Спустя несколько недель скитаний по Элиосу, по вновь открытому для асмодиан Элтенену, Тилле вернулся в родной скворечник, причем очень непривычным для себя способом - через дверь.
Еле удержавшись от пинка по не повинному ни в чем предмету мебели, всего лишь толкнул ее коленом, чтобы открылась, стараясь не потревожить казалось что мирно спящую на его руках Тилирис.
Осторожно уложив девушку на подобие кровати, подгреб раскиданные по комнате шкуры и укрыл ее с головы до ног - вряд ли это было так уж необходимо, но руки хотелось чем-то занять. Аккуратно вынул из волос Тилли заколку в виде цветка - ей вряд ли понравится, если подарок пострадает - сложил в изголовье, вместе с перчатками, которые он снял с худых и чересчур бледных рук. Некоторое время он так и сидел, держа ее ладони в своих, и просто наблюдал, как под серой кожей струится по венам темно-коричневая, почти черная, вязкая как смола, кровь.
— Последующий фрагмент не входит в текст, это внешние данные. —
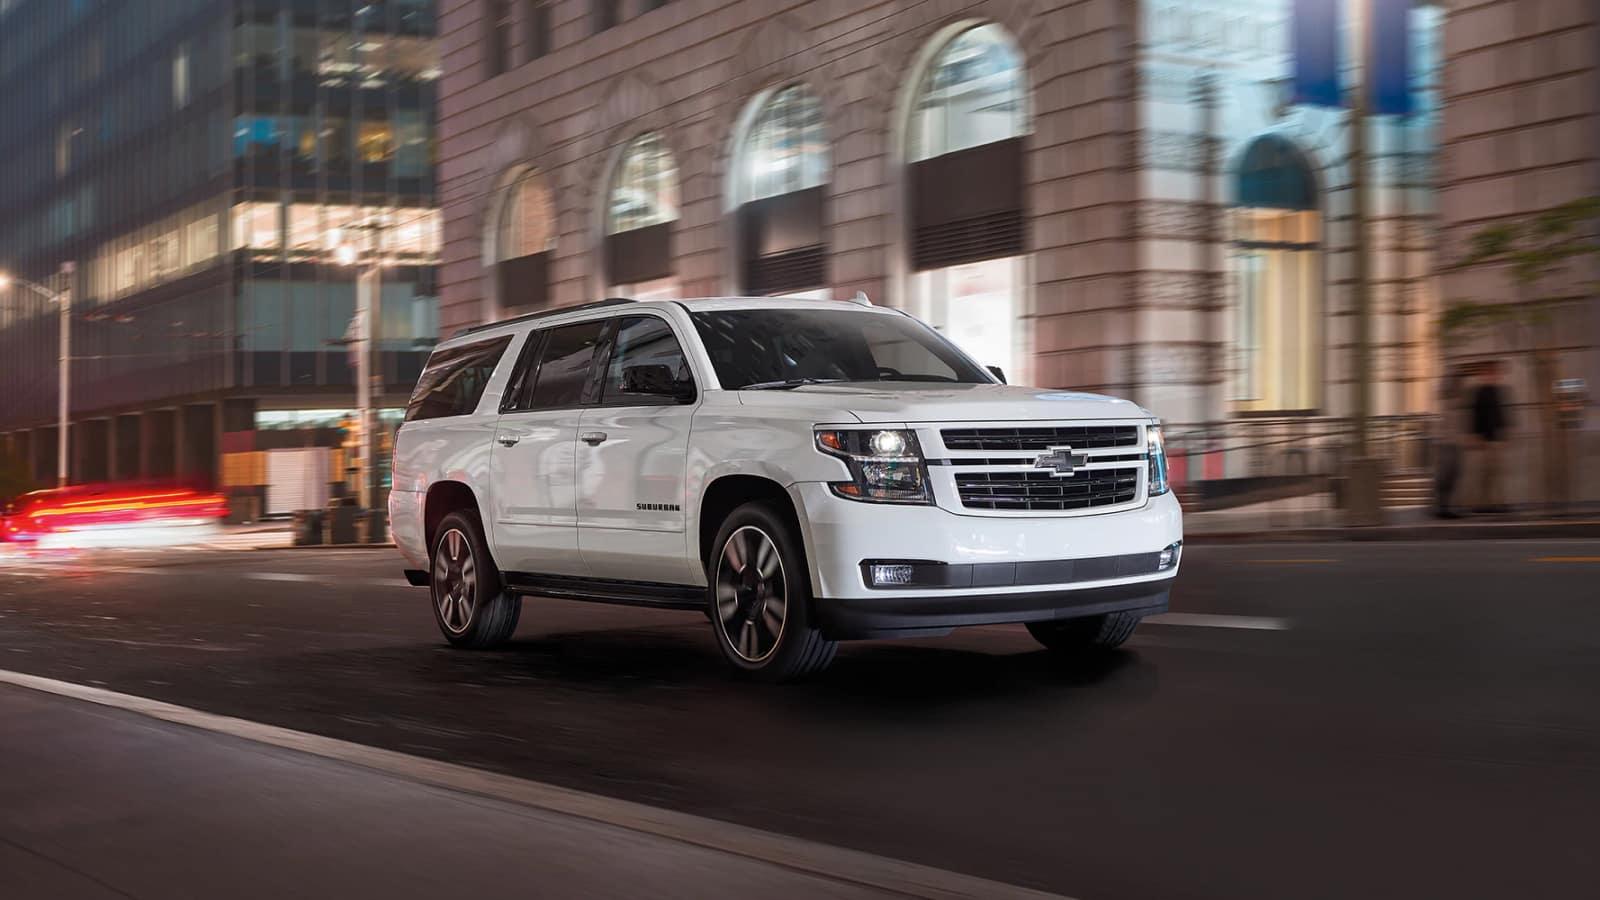 2020 Chevrolet Suburban For Sale In Pensacola, FL

Брустхонинская зараза. То ли воздействие отравы продолжалось чересчур долго, то ли связь тела с душой, которая не была родной для него, оказалась недостаточно сильной, но... Тилирис не могла самостоятельно излечиться, и все, что им с Тилле оставалось - ждать помощи. От того, кого им теперь придется признать равным себе. Придется впустить - третьим - в свое пространство, позволить слушать, говорить, и - действовать. Ведь никто другой не сможет излечить не только душу, но и демона.
Почувствовав, наконец, ответный сигнал из Элтенена, Тилле отпустил руки чародейки, вскочил и полез в сундук. "Сейчас, сейчас все будет". Потеряв связь с Тилли - чего уже несколько сотен лет не случалось - убийца нервничал куда сильнее, чем хотел бы показать, но нужно было прекращать панику и заниматься привычным, да хоть каким-нибудь, делом. Поэтому на свет появились пучки разнообразных трав, котелок и походная жаровня. Горьковато-пряный аир, сладковатый амалис, терпкий женьшень, лепестки хомбеля - подаренные когда-то давно, вовсе не Танквидтой, сейчас они служили напоминанием о тех беззаботных, уже скорее всего утерянных, днях. Еще какие-то растения, которые никто даже не думал использовать в пищу - ну, никто кроме Тилле и его чутья. Прохладно-нежный аромат цветов Исхальгена, самого безопасного и тихого уголка Асмодеи. Настойка из рогов молодых брохумов - Тилле понадобилось все его мастерство следопыта, чтобы своенравные охотники признали его достойным помощи, и поделились лекарством от заразы.
Отвар тихо бурлил в котелке, а Танквидта сидел, прикрыв глаза, и ждал, когда распахнется окно и на подоконник посыпется песок из ущелья Кириул.